12 Clearly though, everything depends upon the circumstances of the case at hand and the compelling nature of those circumstances. Here the applicant wishes to know the identity of the author so as to press others to investigate what she sees as a serious issue and to further her litigation. However the Tribunal does not see these circumstances as being of sufficient weight to compel it to grant access to the document so that she will be able to identify its author and hence pass this information on should she decide to do so. This is purely a matter of weight as the Tribunal is not satisfied that the author’s identity is critical to the claims that the applicant wishes to advance. Put simply, the reasons advanced by the applicant are not compelling.
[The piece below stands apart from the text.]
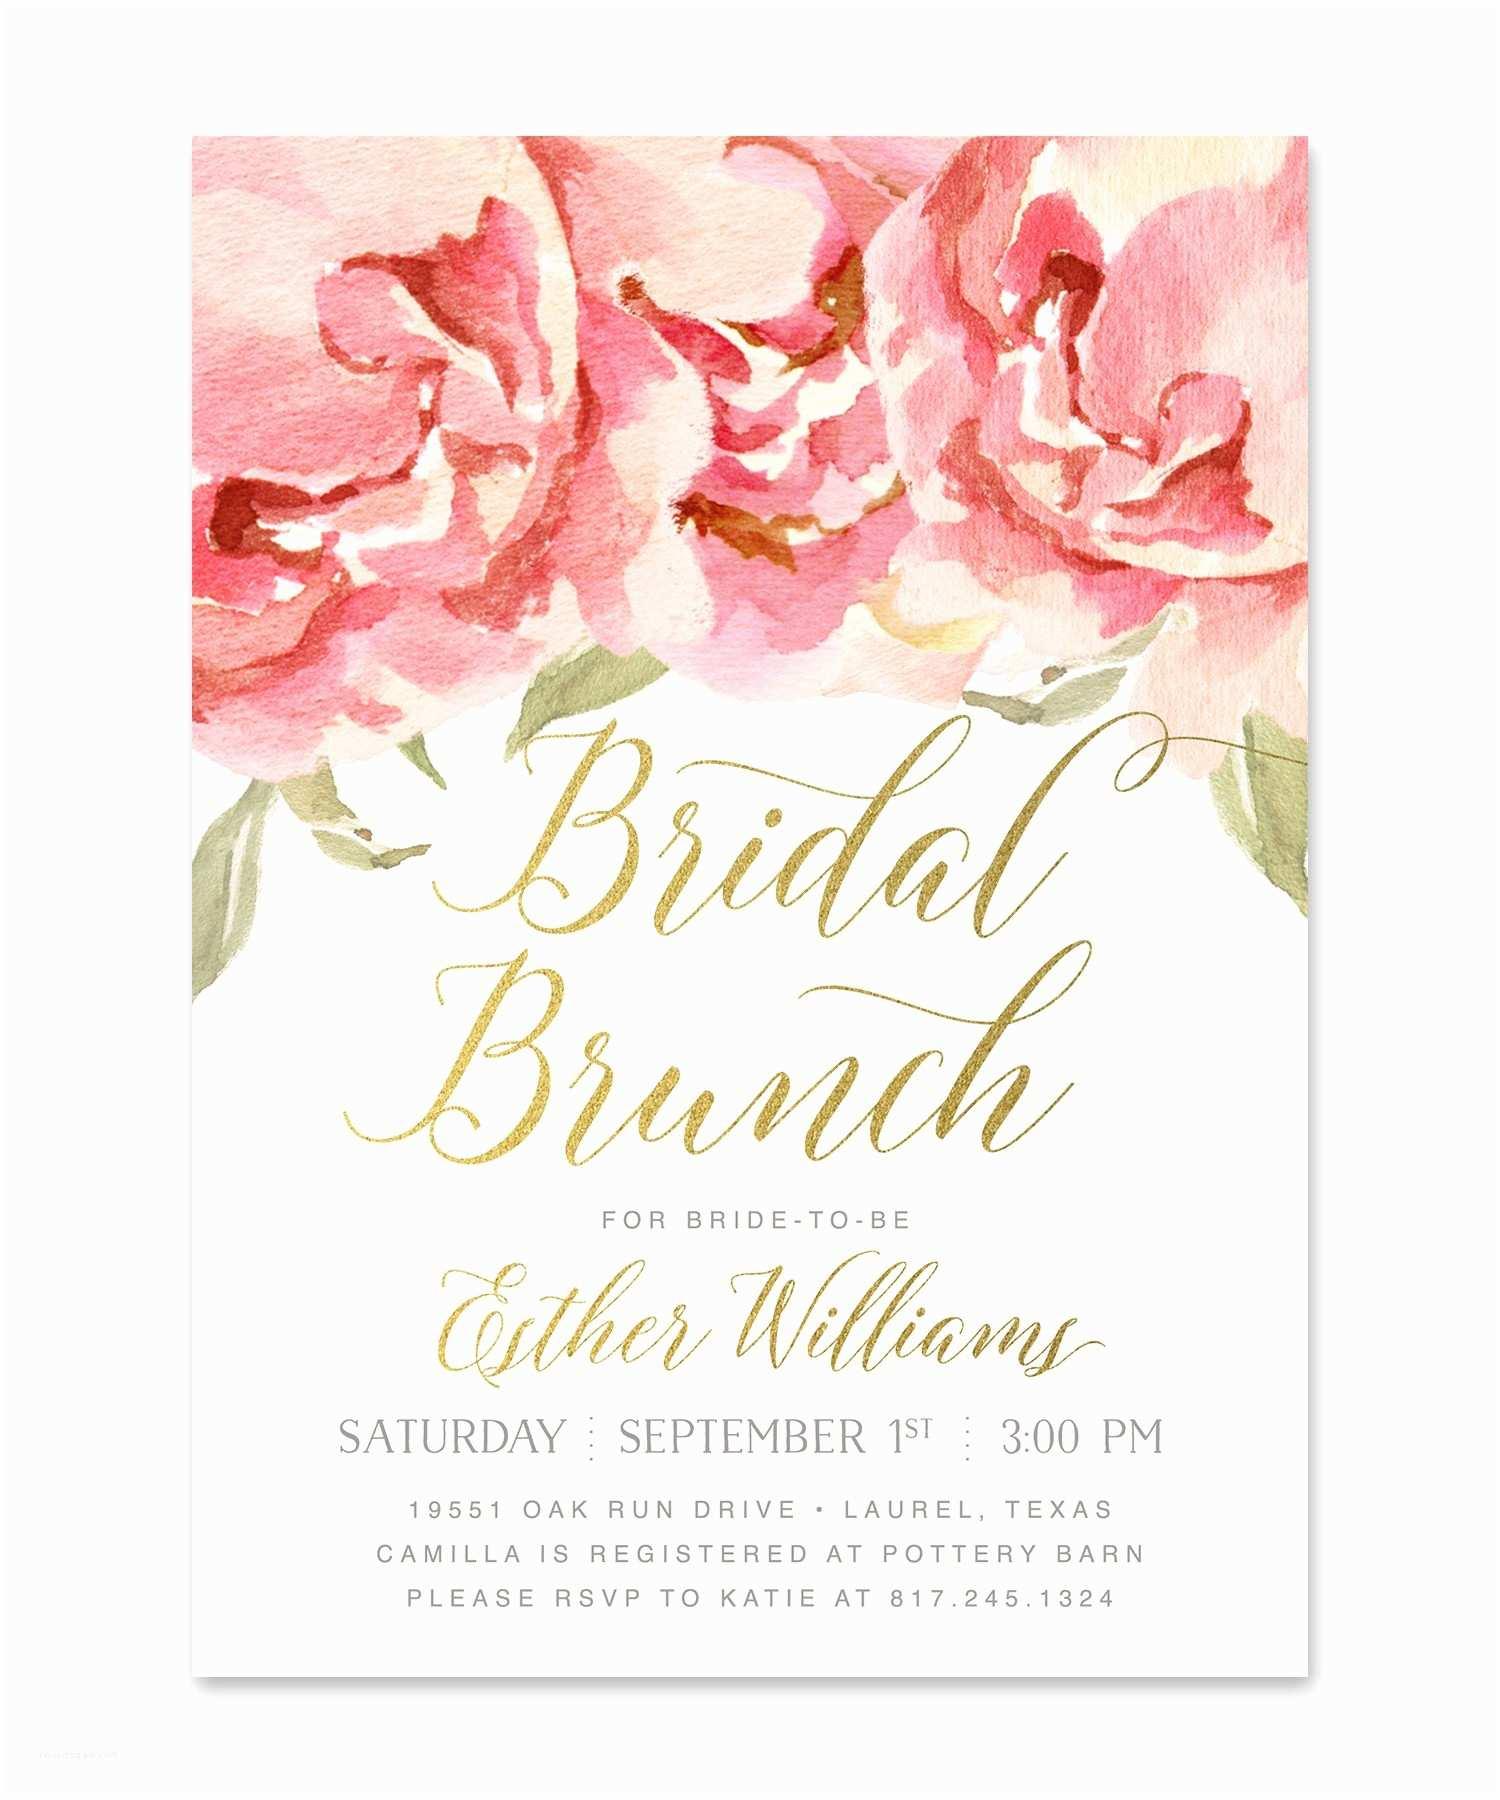 Wedding Brunch Invitations Everly Bridal Shower Brunch Invitation Pink Roses & Gold

13 The Tribunal also notes that the applicant has been granted access to the body of the report and that there are other avenues whereby the information she seeks as to the author’s identity may be sought, should it really be necessary to advance her interests effectively. These avenues are attended by restrictions which control the general disclosure of the author’s identity beyond serving the immediate purpose at hand. The issue of a subpoena in the litigation now on foot in another place is an example of this.

14 Consequently, the Tribunal declines to grant access to the entire report and affirms the decision under review.